> _ASSIGNMENT_:
Two lines mark the range in the entries below: the one holding "BubbleBathDan, FIFA18, xbox, xbox" and the one holding "Александр Валентинович #1". Set down those two and all lines between them, exactly.

> _RECORDED DATA_:

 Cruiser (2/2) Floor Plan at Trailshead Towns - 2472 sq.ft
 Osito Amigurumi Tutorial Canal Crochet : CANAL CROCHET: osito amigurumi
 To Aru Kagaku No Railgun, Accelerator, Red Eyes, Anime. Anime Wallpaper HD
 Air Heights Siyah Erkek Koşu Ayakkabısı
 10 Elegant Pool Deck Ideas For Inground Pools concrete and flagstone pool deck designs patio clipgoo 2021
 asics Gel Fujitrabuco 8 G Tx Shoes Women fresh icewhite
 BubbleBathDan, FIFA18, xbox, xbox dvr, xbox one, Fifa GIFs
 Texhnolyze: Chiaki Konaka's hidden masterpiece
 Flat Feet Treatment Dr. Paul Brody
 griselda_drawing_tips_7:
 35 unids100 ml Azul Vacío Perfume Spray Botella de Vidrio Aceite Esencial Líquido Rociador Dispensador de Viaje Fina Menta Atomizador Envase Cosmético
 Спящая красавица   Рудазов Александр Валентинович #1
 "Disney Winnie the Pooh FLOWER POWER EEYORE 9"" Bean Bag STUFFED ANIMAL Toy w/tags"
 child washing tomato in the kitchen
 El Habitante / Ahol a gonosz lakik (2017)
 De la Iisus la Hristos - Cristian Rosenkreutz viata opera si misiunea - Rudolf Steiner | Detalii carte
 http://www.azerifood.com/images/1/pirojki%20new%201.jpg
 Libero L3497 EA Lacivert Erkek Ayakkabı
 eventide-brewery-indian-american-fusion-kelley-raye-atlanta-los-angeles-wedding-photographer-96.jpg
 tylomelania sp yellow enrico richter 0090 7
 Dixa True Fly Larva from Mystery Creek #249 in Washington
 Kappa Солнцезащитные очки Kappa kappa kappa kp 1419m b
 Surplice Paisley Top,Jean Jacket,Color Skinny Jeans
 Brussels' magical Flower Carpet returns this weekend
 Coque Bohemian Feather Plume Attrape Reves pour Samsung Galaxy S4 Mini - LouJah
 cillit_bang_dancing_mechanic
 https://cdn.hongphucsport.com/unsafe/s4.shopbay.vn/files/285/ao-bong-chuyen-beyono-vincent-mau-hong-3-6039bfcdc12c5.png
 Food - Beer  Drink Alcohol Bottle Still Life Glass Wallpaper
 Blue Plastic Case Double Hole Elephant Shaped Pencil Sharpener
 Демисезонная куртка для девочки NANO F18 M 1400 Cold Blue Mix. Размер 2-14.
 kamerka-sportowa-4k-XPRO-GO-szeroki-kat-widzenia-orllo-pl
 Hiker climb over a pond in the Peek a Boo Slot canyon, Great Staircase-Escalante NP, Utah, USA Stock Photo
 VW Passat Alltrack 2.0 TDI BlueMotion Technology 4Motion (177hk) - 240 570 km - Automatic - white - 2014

> _ANSWER TO THE EXERCISE_:
 BubbleBathDan, FIFA18, xbox, xbox dvr, xbox one, Fifa GIFs
 Texhnolyze: Chiaki Konaka's hidden masterpiece
 Flat Feet Treatment Dr. Paul Brody
 griselda_drawing_tips_7:
 35 unids100 ml Azul Vacío Perfume Spray Botella de Vidrio Aceite Esencial Líquido Rociador Dispensador de Viaje Fina Menta Atomizador Envase Cosmético
 Спящая красавица   Рудазов Александр Валентинович #1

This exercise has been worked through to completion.